5. Construir una economía de paz. La necesidad del momento, dijo Allende, “sería reconvertir una economía de guerra en una economía de paz”, utilizar el desperdicio gastado en guerra y armamento para “cimentar una economía mundial solidaria” (14). En 1970, el Stockholm International Peace Research Institute [Instituto Internacional de Estocolmo para la Investigación de la Paz] señaló que el 7% del PIB mundial se destinaba a gasto militar, “equivalente al ingreso total de la mitad más pobre de la población mundial” (1970: 3). Un recorte en el gasto en armas, dijo Allende, financiaría grandes obras y programas destinados a estos países [del Tercer Mundo] (1972: 14).
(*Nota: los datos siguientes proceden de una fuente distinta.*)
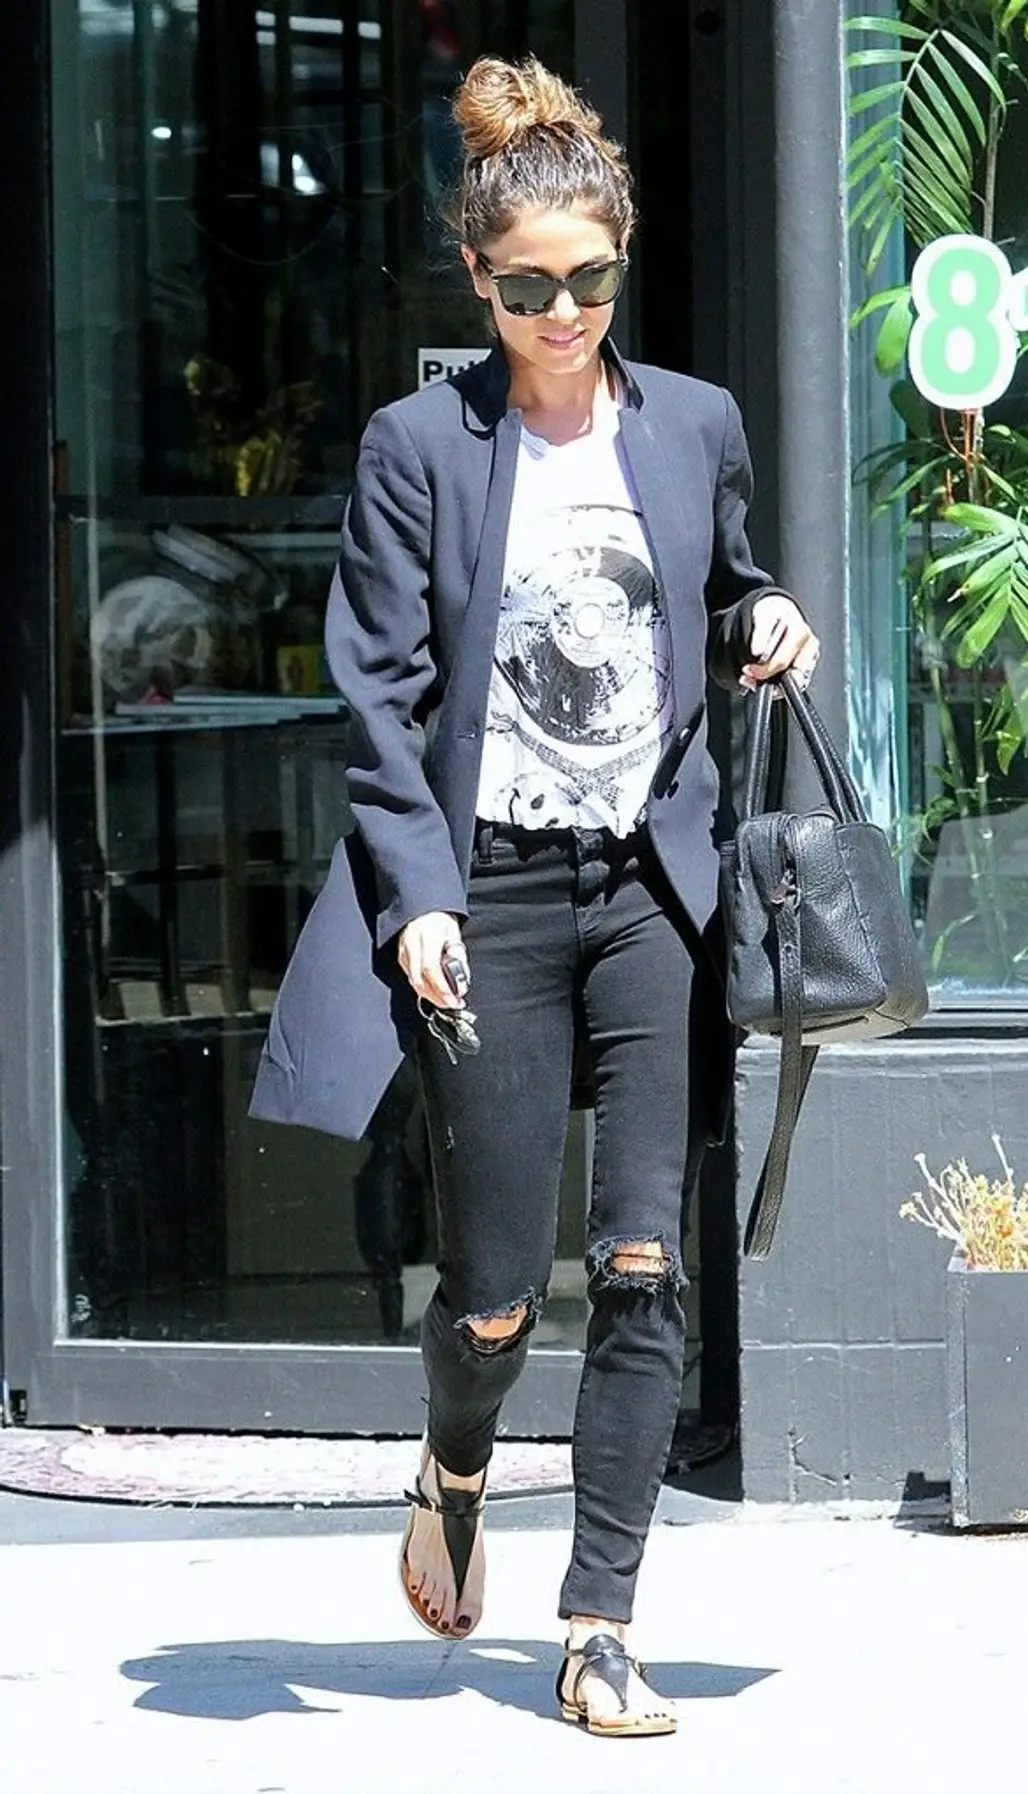 Nikki's Ripped Jeans + Graphic Tee

En abril de 1972, William Jorden, el asistente para asuntos latinoamericanos del Consejero de Seguridad Nacional de Estados Unidos, Henry Kissinger, escribió que Allende estaba “posicionándose cada vez más como líder del Tercer Mundo” (Harmer, 2011: 61). El ejemplo de “la vía chilena al socialismo”, proyectado por la agresiva nacionalización chilena de sus reservas de metales, proporcionó a Allende el prestigio necesario para erigirse como una voz clara del Tercer Mundo a medida que impulsaba el NOEI. Como resultado, el liderazgo de Chile junto con la persistente labor diplomática de otros Estados del Tercer Mundo, incluido México, empujó a la UNCTAD III a aprobar la Carta de Derechos y Deberes Económicos de los Estados, que fue eventualmente adoptada por la Asamblea General de la ONU como una resolución en diciembre de 1974.3

A pesar de que los ejemplos de avance en la UNCTAD III fueron mínimos, la sensación general en el Tercer Mundo era que el cambio era inevitable.4 La Tríada (Estados Unidos, Europa y Japón) hizo todo lo posible para detener el NOEI y con ese fin formó el G7 en 1973. En la primera reunión del G7, Helmut Schmidt de Alemania Occidental dijo que los líderes occidentales no pueden permitir que “funcionarios en algún lugar de África o en alguna capital asiática” tomen decisiones sobre la economía mundial. El primer ministro del Reino Unido, Harold Wilson, concordó, añadiendo que tales decisiones deben ser tomadas por “el tipo de personas sentadas alrededor de esta mesa” (Prashad, 2013: 53-54).

Arriba: Luis Poirot (Chile), Presidente Salvador Allende y Hortensia Bussi, 1970. Fotografía, 20 x 30 cm.Abajo: Luis Poirot (Chile), Balcón del Palacio de La Moneda, septiembre de 1973, 1973. Fotografía, 20 x 30 cm.

Qué hacen los golpes

El 5 de agosto de 1970, un mes antes de que Allende ganara las elecciones presidenciales, el gobierno estadounidense ya estaba pensando en “tomar medidas para derrocar a Allende”, como escribió el subsecretario de Estado, John Crimmins, al embajador de EE. UU. Edward Korry (Kornbluh, 2013: 7). Doscientos años antes, en 1823, Estados Unidos promulgó la Doctrina Monroe, que establece claramente que Europa no debe interferir en las Américas porque el hemisferio era el “patio trasero” de Estados Unidos.5 Las intervenciones en América Latina, desde la apropiación de un poco más de la mitad de los territorios de México en 1848, pasando por la anexión de Cuba y Puerto Rico en 1898 hasta el derrocamiento de una serie de gobiernos en todo el hemisferio, se convirtieron en algo habitual. En 1964, el gobierno de Estados Unidos ayudó abiertamente a los militares brasileños a derrocar el gobierno democráticamente elegido de João Goulart, estableciendo una dictadura militar que duró 21 años y que instigó al gobierno estadounidense a instaurar dictaduras militares en toda Sudamérica (Bolivia, 1971; Uruguay, 1973; Chile, 1973; Perú, 1975; Argentina, 1976) a través de lo que se conoce como Operación Cóndor.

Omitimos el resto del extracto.